• **Information supplied**:
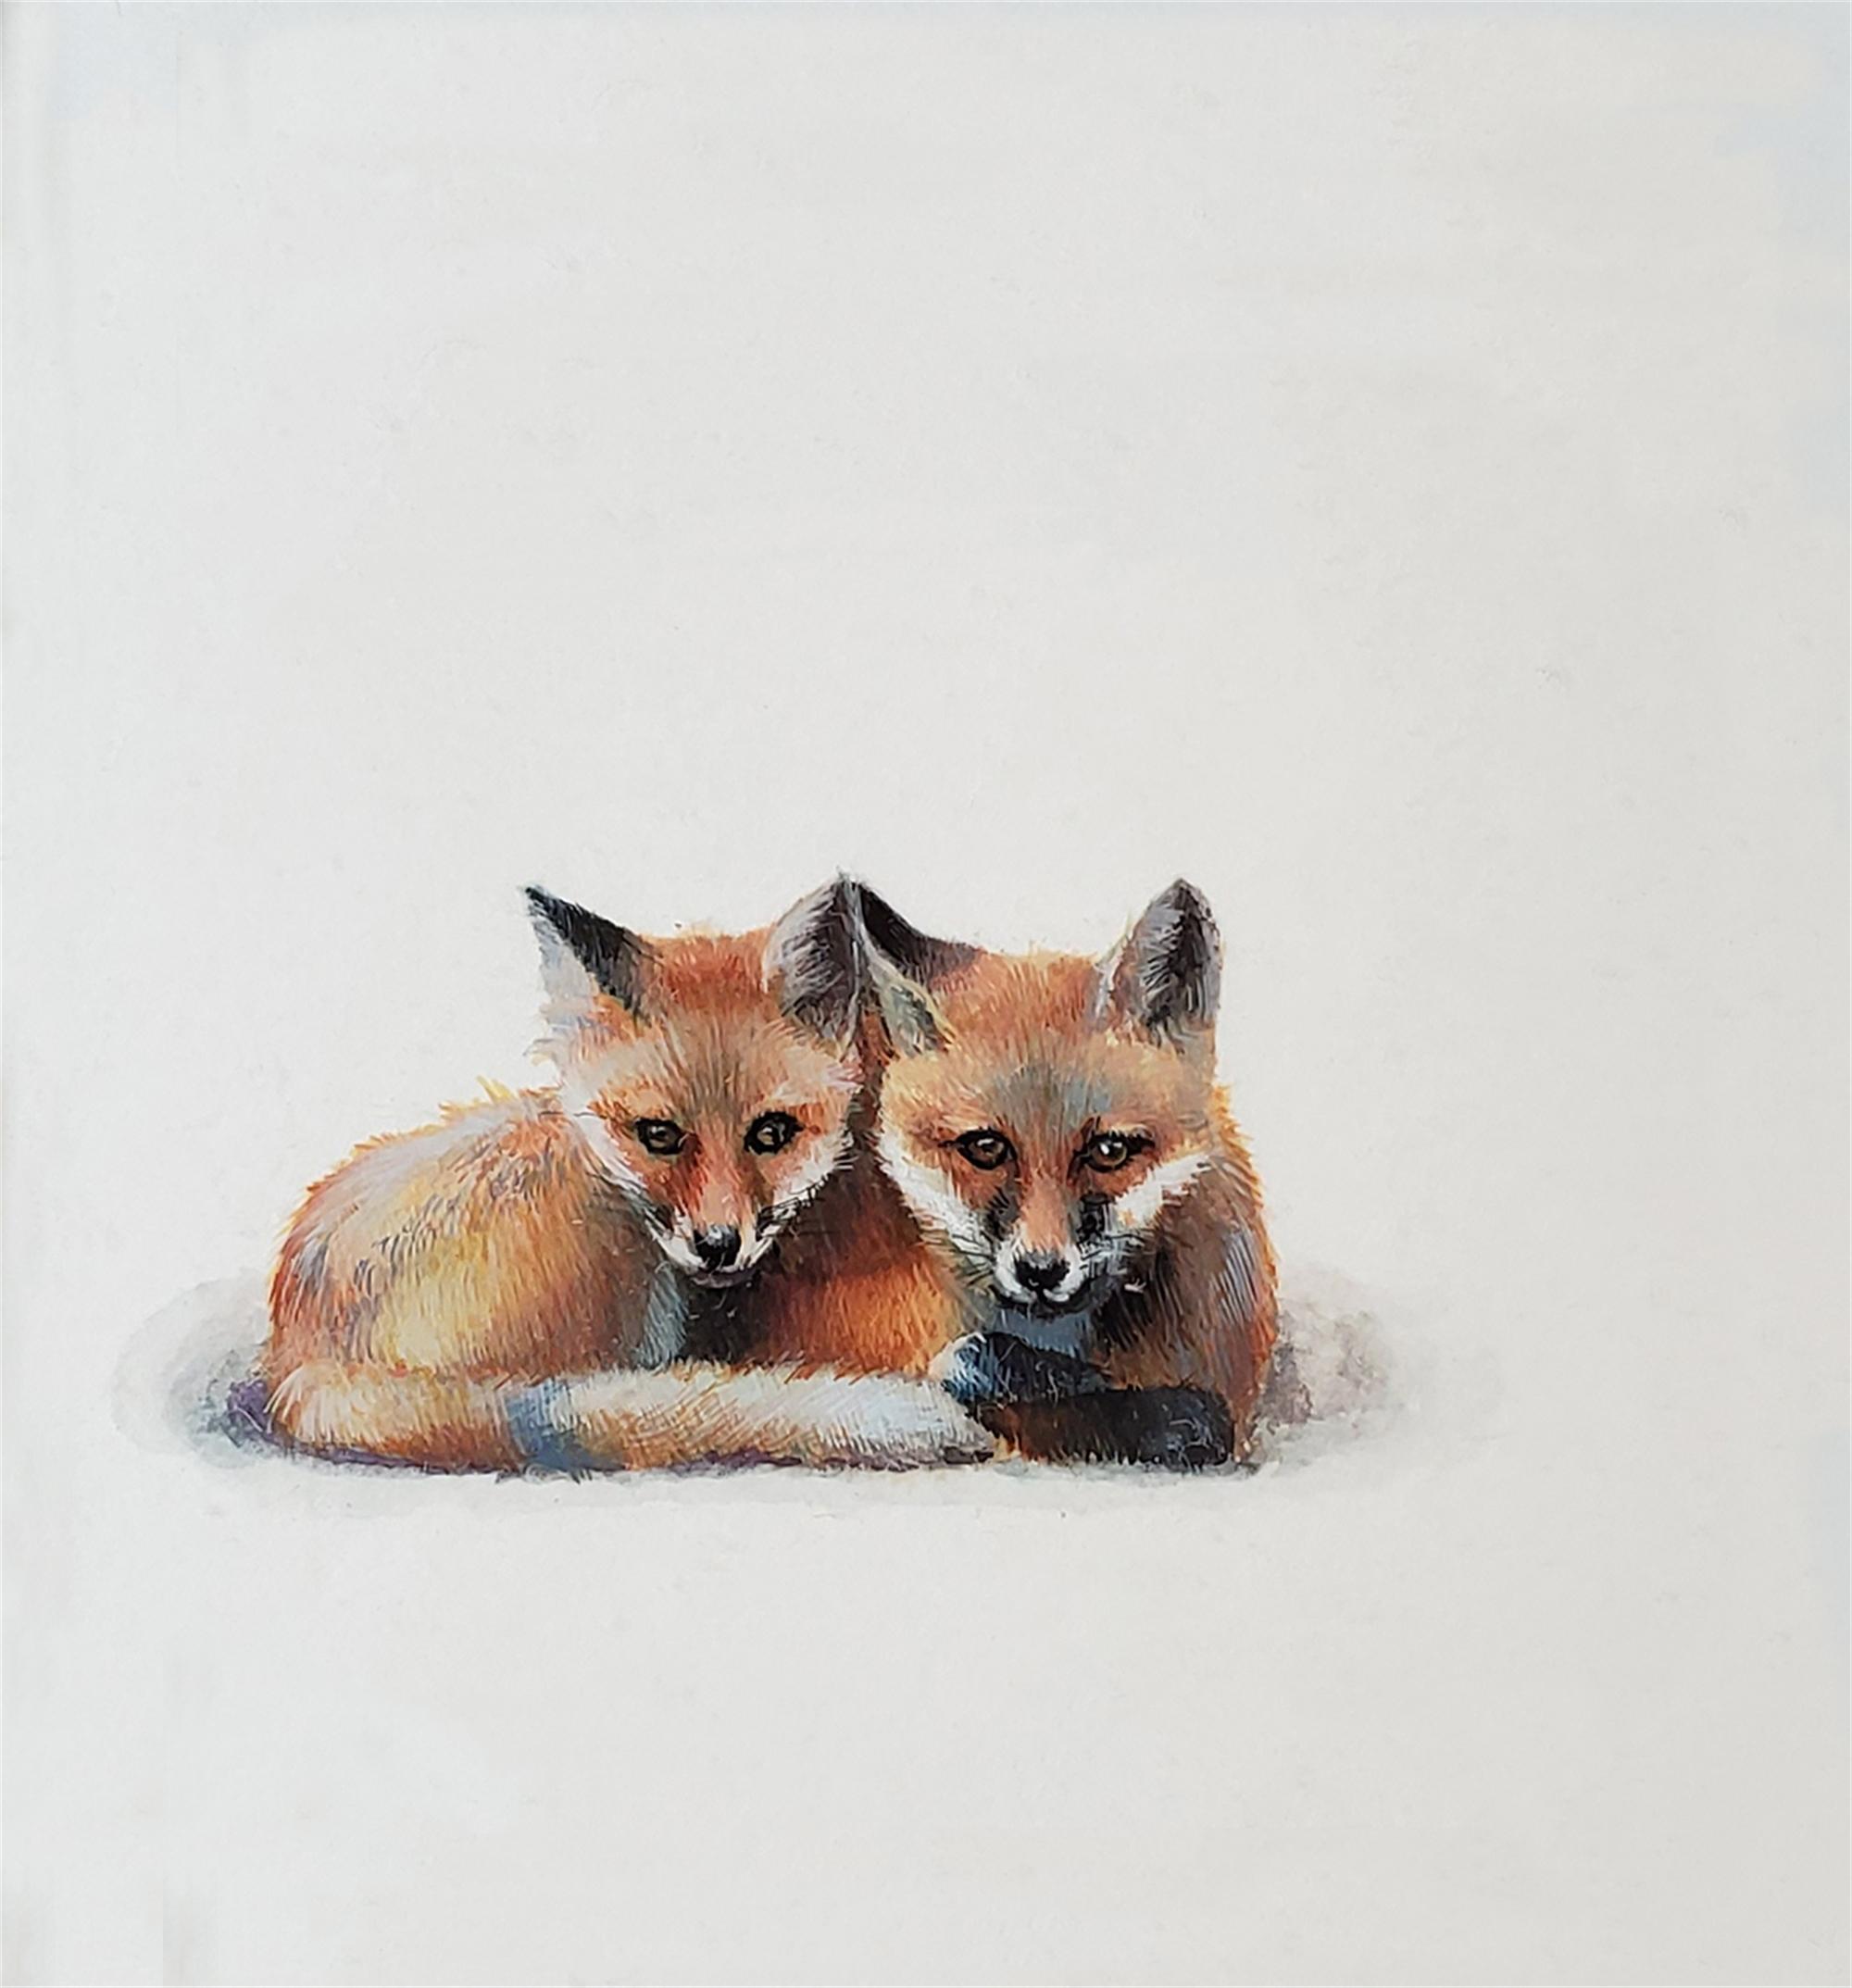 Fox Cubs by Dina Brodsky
* * *
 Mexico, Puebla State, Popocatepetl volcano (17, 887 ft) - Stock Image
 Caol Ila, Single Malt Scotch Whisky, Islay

• **What is being asked**: Return exactly the lines above from the line that has "Mexico, Puebla State, Popocatepetl" through the line that has "Caol Ila, Single Malt Scotch Whisky, Islay", inclusive, and nothing else.

• **Task output**:
 Mexico, Puebla State, Popocatepetl volcano (17, 887 ft) - Stock Image
 Caol Ila, Single Malt Scotch Whisky, Islay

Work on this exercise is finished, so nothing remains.